= Fédération nationale des déportés et internés résistants et patriotes =

The Fédération nationale des déportés et internés résistants et patriotes (National Federation of Deported and Imprisoned Resistance Fighters and Patriots) is an organization founded by Marcel Paul and Henri Manhès in October 1945, five months after the defeat of Nazi Germany at the end of World War II. The Federation carries on the legacy of those who perished in Nazi concentration camps or were interned in prisons in occupied France and unites survivors of the camps, prisons and the French Resistance. The federation also researches and exposes the war crimes of Nazism.

Camp survivors took an oath at the scene of their suffering, vowing on behalf of the dead to ensure the future of man and his dignity. This act formed a bond between the survivors.

The Fédération nationale des déportés et internés résistants et patriotes (FNDIRP) took part in the trials against Klaus Barbie, Paul Touvier and Maurice Papon, trials for crimes against humanity.

== Federation work ==
The FNDIRP has worked in a number of areas since 1945. To ensure that the era is not forgotten, the FNDIRP produces publications, testimonials and commemorations. It supports museums and participates in the Concours national de la résistance et de la déportation, a national competition created in 1961 by the Ministry of Education to support the education of young people about war crimes and efforts of the French Resistance. The FNDIRP also supports the preservation of former concentration camps and other Nazi sites and fights Holocaust denial. It has created the Prix Marcel Paul and it publishes a newspaper called Le Patriote Résistant.

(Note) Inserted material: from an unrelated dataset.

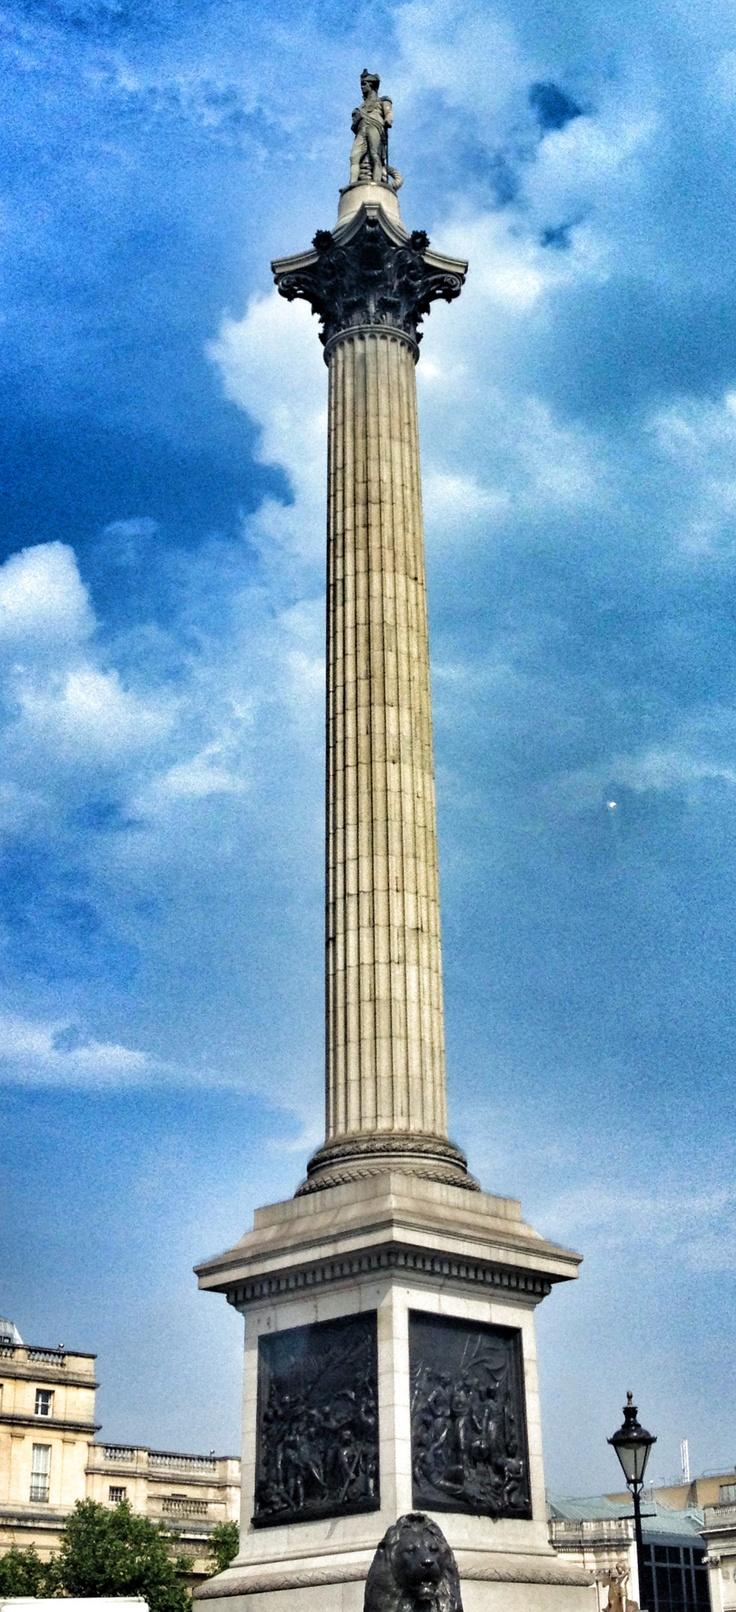 Nelson's Column - Trafalgar Square - shot from swerving cab avoiding Boris bikes.

Judicial and legal activities of the FNDIRP include participation as a civil party in trials for crimes against humanity. They also take action against historical revisionists, for reparations for victims, and in support of spouses and orphans.

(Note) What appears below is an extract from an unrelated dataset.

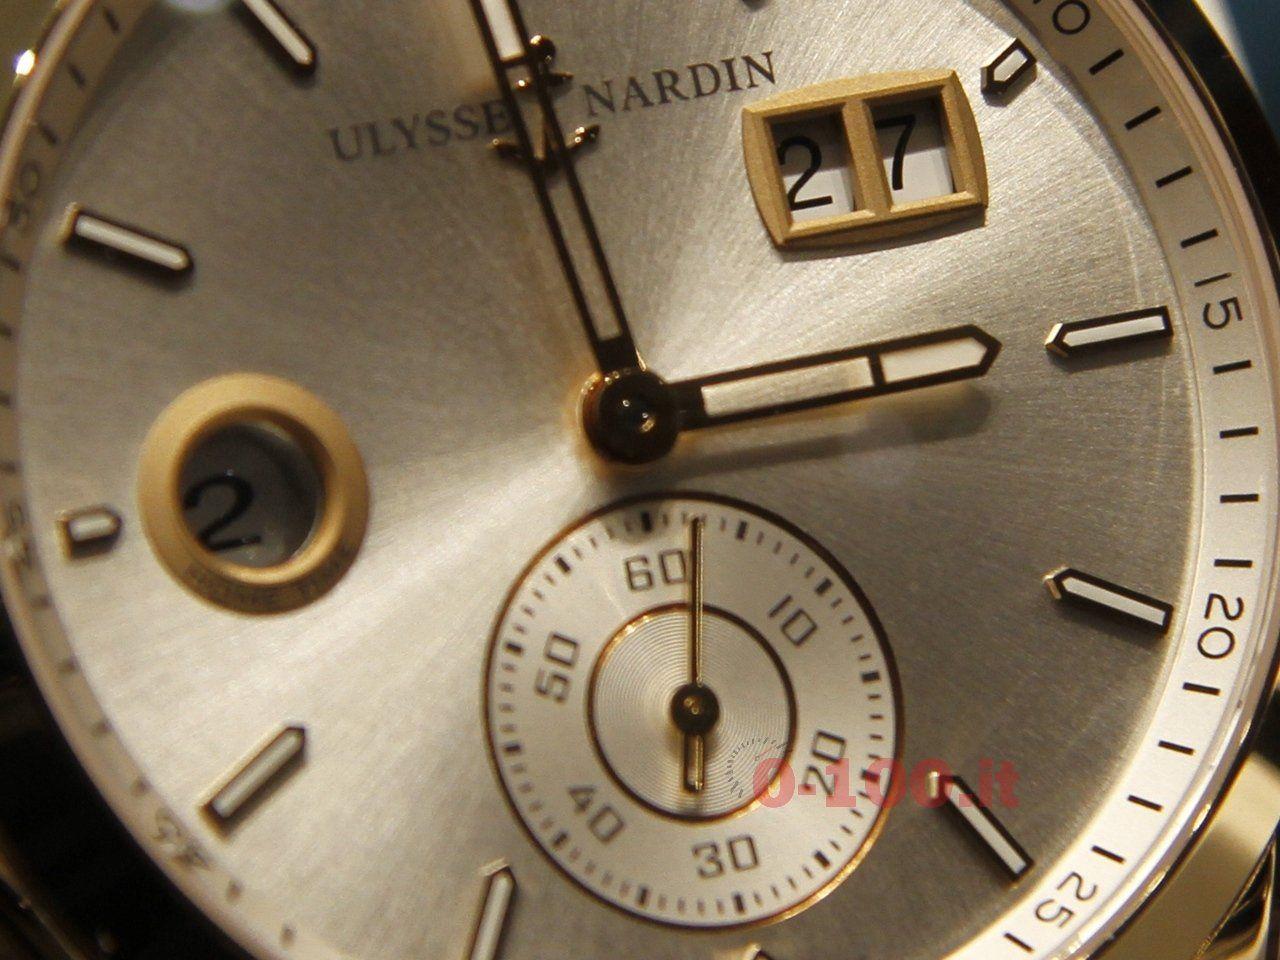 baselworld-2014-Ulysse Nardin Dual Time Manufacture_Ref_3346-126-91_0-1007

Internationally, the FNDIRP contributes to peace work, disarmament and economic development. They have taken part in a campaign to finance water wells, a dam and a maternity hospital in Burkina Faso. In 1996, they donated 3,500,000 French francs (about 533,572 euros) to the International Red Cross for prosthetics for Angolan land mine victims.

== Membership and leadership ==
The FNDIRP involves all the victims of Nazism and its Vichy government accomplices, members of the underground, people persecuted for race or ethnicity, exiles, patriotic resisters of the German occupation and families of the missing, murdered or massacred.

The FNDIRP was founded by Marcel Paul, a minister under Charles de Gaulle and French colonel, Henri Manhès, assistant to Jean Moulin. The honorary committee includes Juliette Gréco, Stéphane Hessel, Georges Séguy and Pierre Sudreau.